_What this task involves_:
Transcribe exactly the line with "Mid-18th Century Small" and each line that follows it in the listing, down to the last, omitting all pictures.

_Input data_:

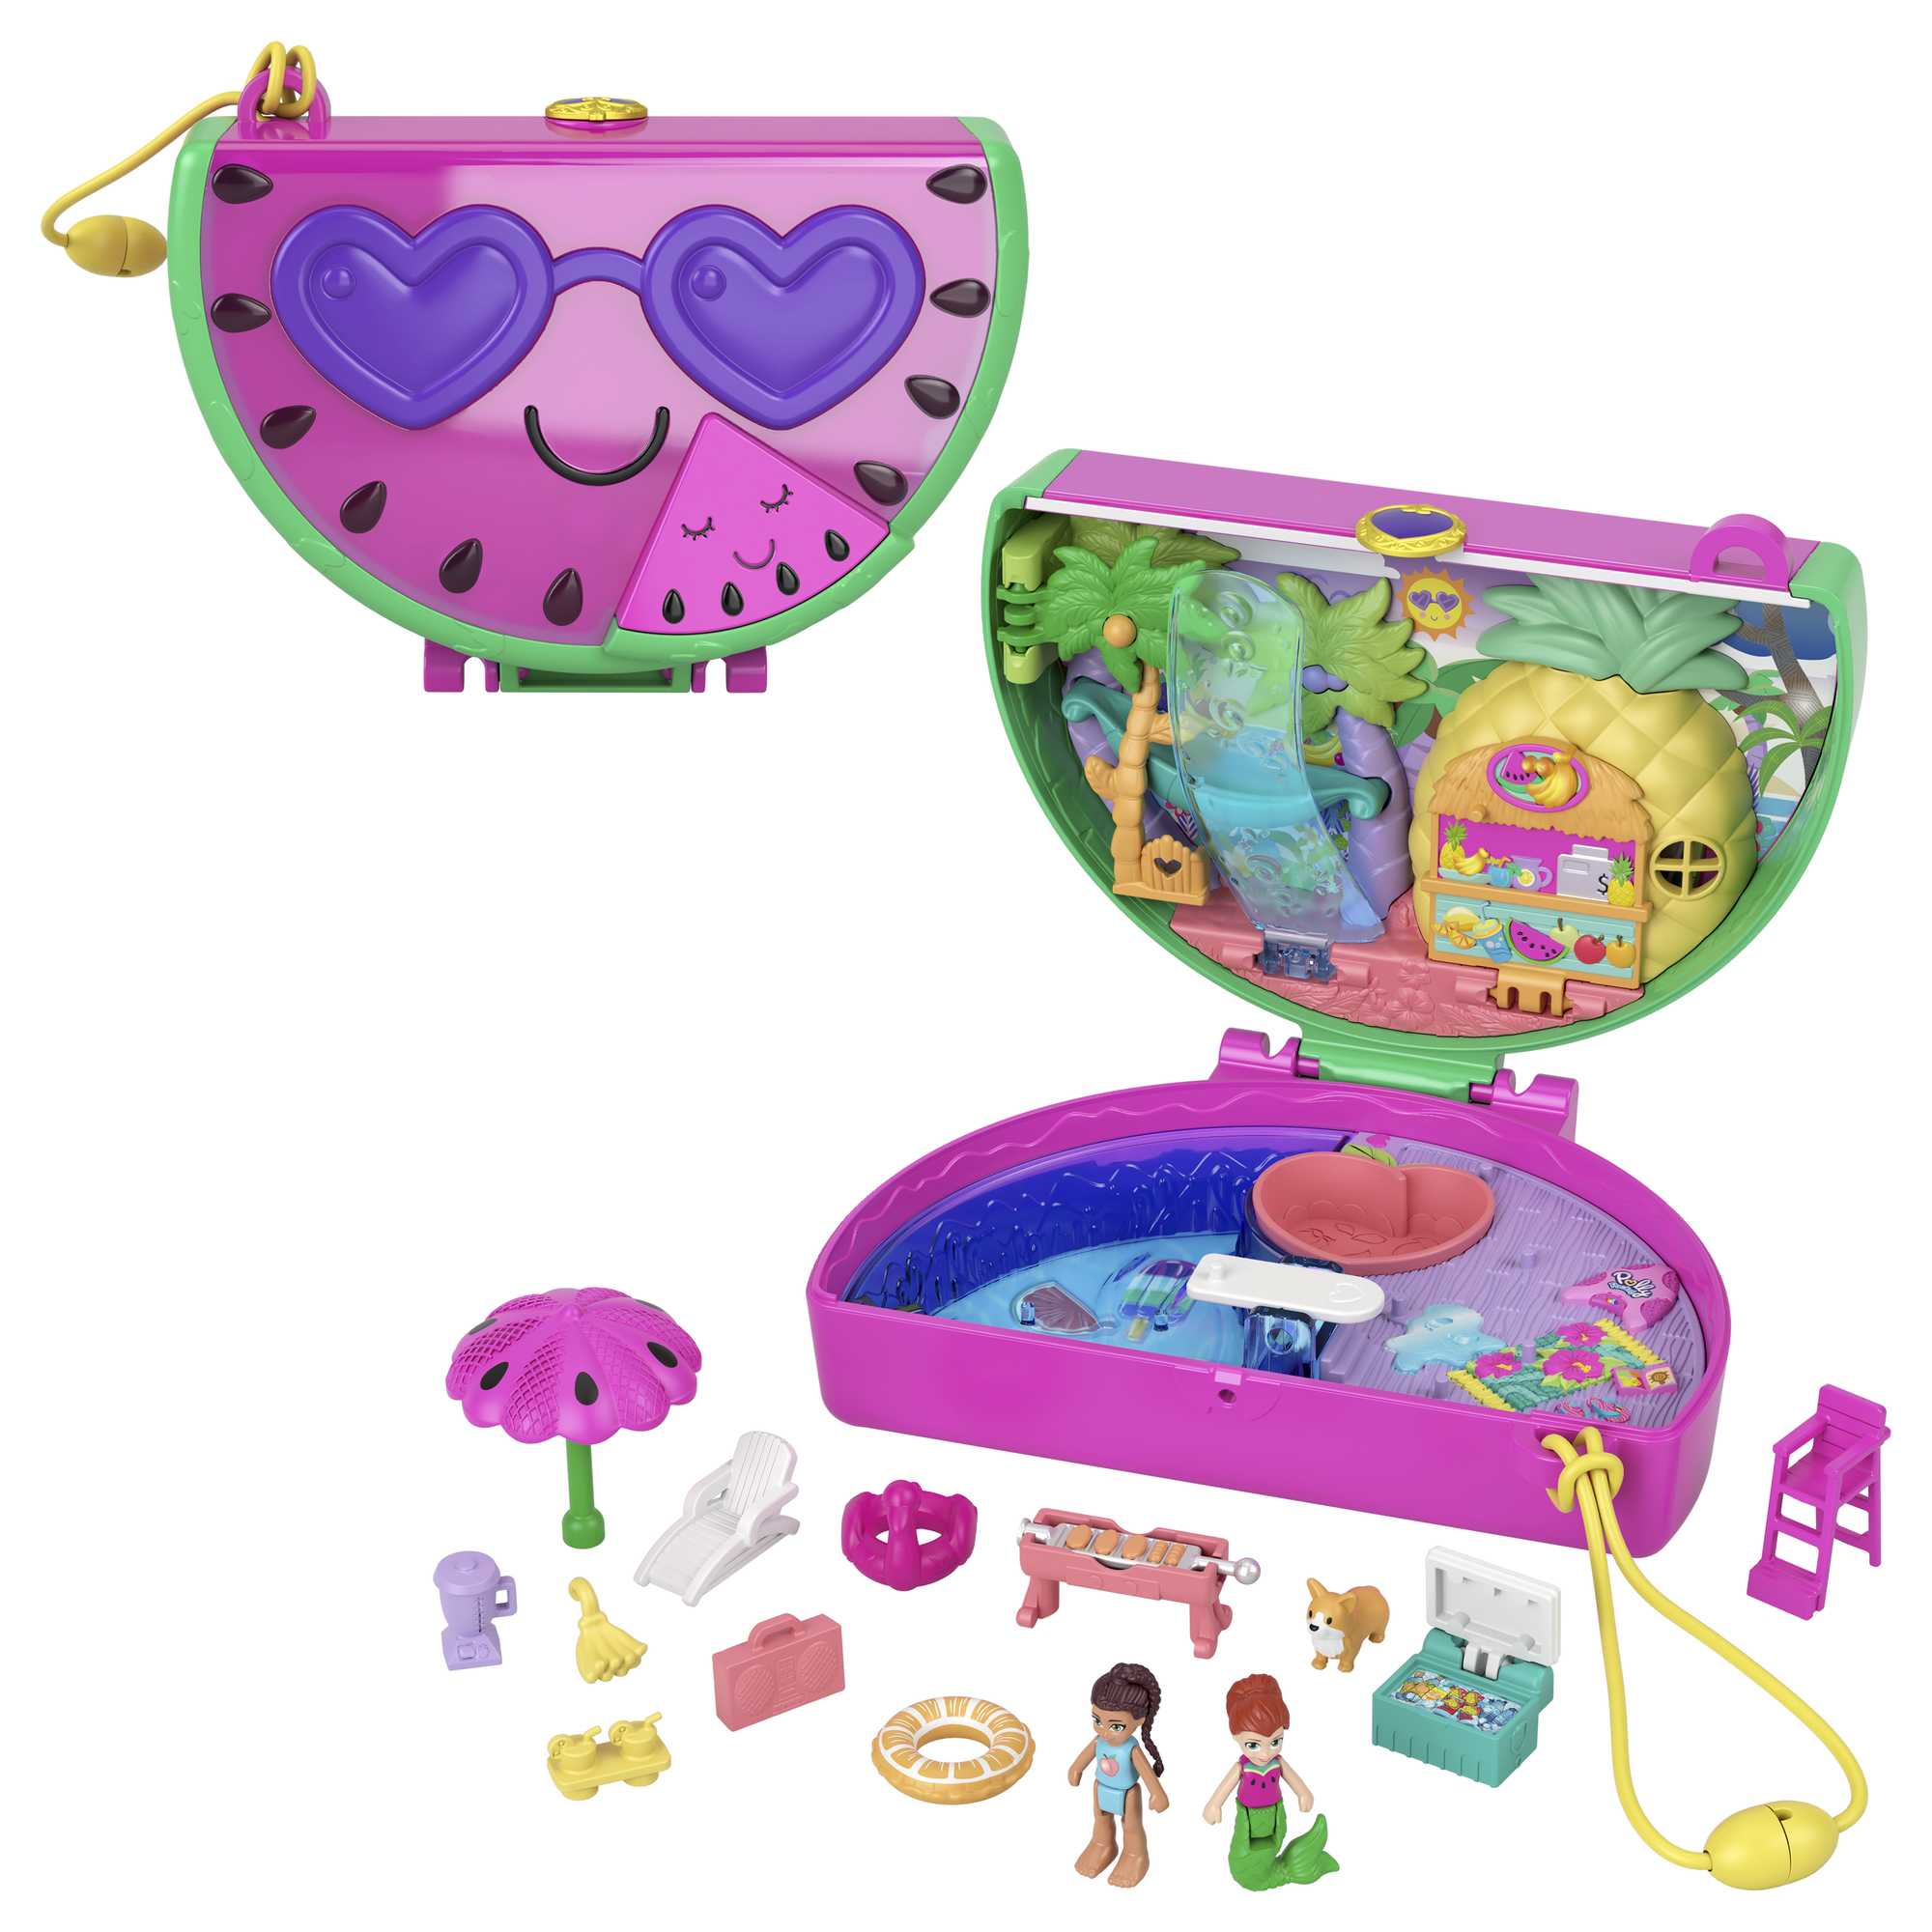 POLLY POCKET THEME PARK BACKPACK - THE TOY STORE
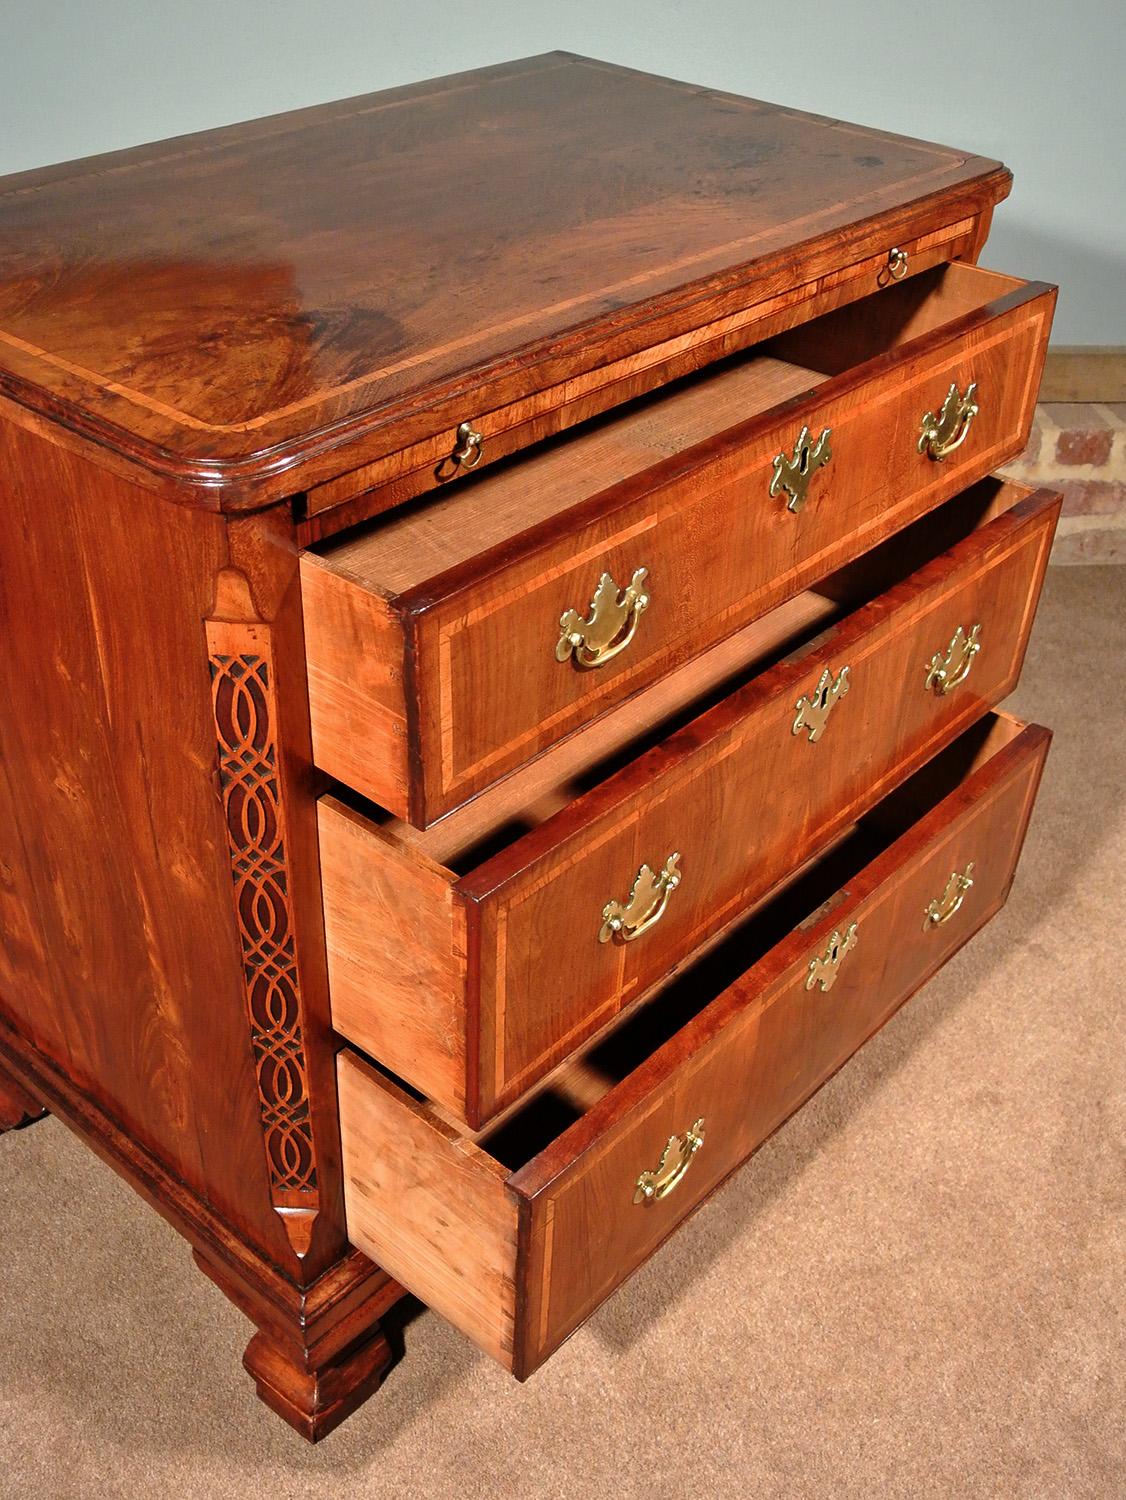 Mid-18th Century Small and Fine George II Yew Wood Batchelors Chest of Drawers, circa 1750 For Sale
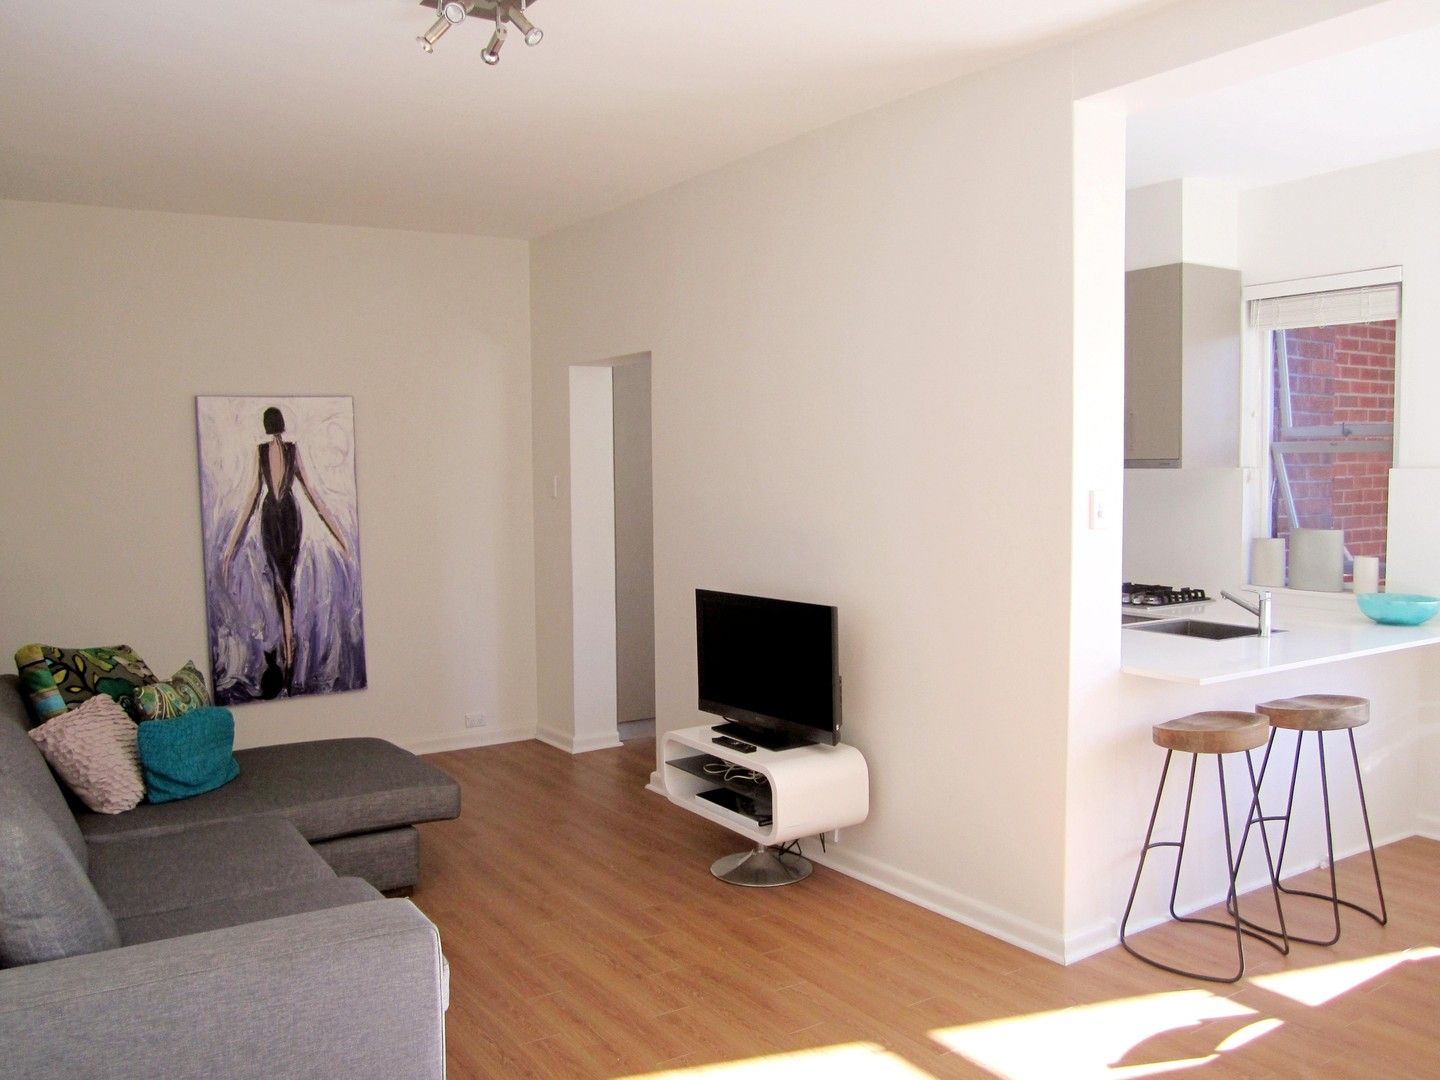 2 bedrooms Apartment / Unit / Flat in 11/6 Holt Street DOUBLE BAY NSW, 2028
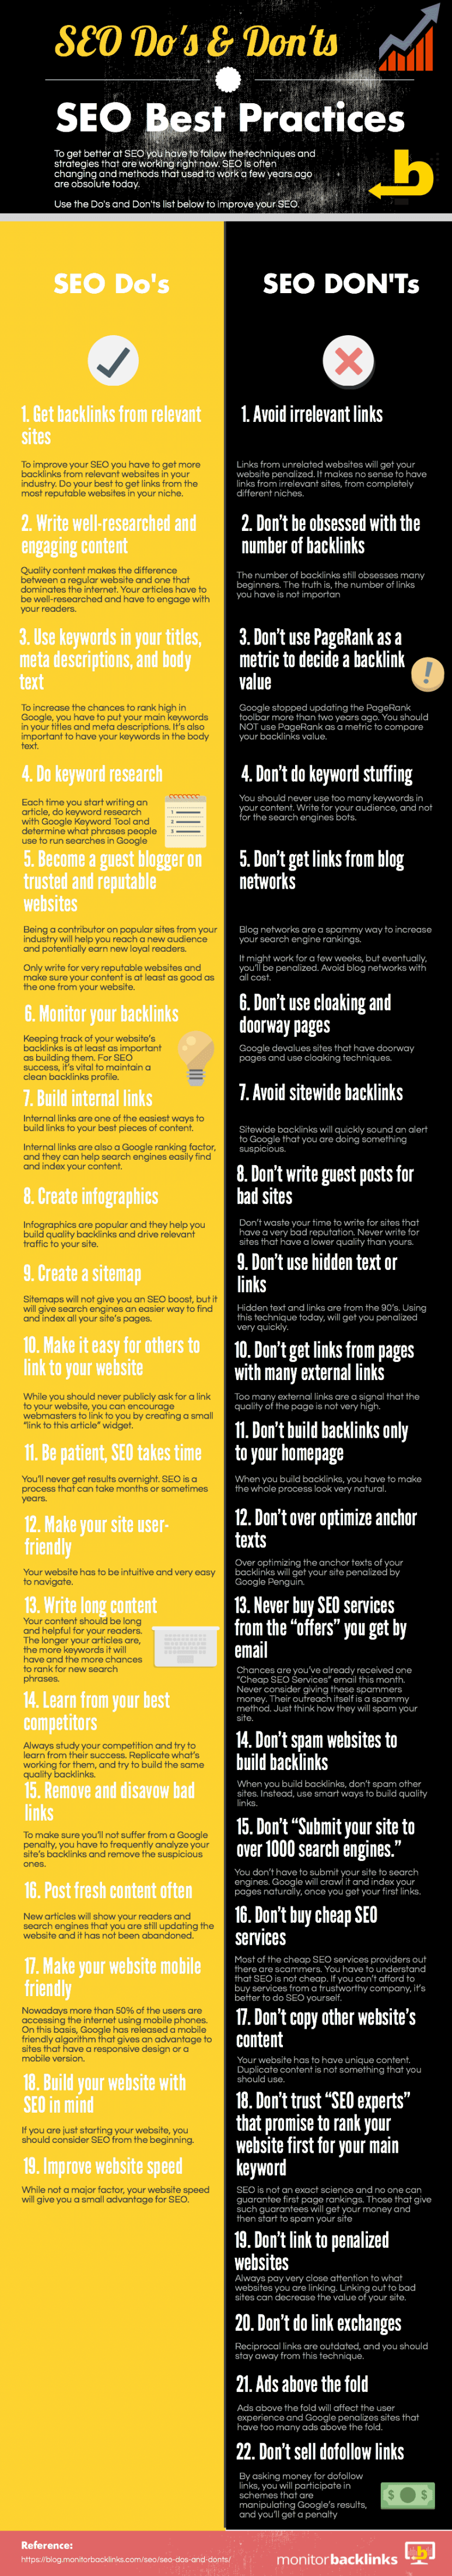 seo-dos-and-donts-best-practices-infographic.png

_Reply to the task_:
 Mid-18th Century Small and Fine George II Yew Wood Batchelors Chest of Drawers, circa 1750 For Sale
 2 bedrooms Apartment / Unit / Flat in 11/6 Holt Street DOUBLE BAY NSW, 2028
 seo-dos-and-donts-best-practices-infographic.png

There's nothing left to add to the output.